═══ Record excerpts
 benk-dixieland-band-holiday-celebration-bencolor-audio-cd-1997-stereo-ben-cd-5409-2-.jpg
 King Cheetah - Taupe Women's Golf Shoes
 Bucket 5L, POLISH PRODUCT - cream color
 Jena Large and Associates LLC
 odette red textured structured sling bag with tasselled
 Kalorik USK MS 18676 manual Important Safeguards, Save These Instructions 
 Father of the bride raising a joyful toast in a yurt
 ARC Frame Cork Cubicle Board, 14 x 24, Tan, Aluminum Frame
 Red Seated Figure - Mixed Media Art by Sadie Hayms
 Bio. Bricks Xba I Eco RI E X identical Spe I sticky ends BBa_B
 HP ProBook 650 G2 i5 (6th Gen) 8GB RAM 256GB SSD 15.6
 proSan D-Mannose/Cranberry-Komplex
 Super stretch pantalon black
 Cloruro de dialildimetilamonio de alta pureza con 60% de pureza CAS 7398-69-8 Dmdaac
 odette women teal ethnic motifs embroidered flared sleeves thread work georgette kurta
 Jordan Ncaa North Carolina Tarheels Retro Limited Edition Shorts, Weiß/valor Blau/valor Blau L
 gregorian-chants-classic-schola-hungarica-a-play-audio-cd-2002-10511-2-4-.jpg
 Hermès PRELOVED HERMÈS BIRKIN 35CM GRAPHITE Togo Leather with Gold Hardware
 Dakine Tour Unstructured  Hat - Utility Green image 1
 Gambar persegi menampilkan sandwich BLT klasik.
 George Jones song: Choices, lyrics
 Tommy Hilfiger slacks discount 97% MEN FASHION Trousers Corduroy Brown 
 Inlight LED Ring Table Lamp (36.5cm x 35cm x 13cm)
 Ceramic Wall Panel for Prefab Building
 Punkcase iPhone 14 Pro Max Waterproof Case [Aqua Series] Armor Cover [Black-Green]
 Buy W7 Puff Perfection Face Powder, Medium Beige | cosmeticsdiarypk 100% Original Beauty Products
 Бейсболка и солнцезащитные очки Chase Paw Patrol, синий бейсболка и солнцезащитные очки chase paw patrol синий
══════
▸ **Task item**
Which lines of the records above hold the word "Green"? Copy each of them.

▸ **Result of the exercise**
 Dakine Tour Unstructured  Hat - Utility Green image 1
 Punkcase iPhone 14 Pro Max Waterproof Case [Aqua Series] Armor Cover [Black-Green]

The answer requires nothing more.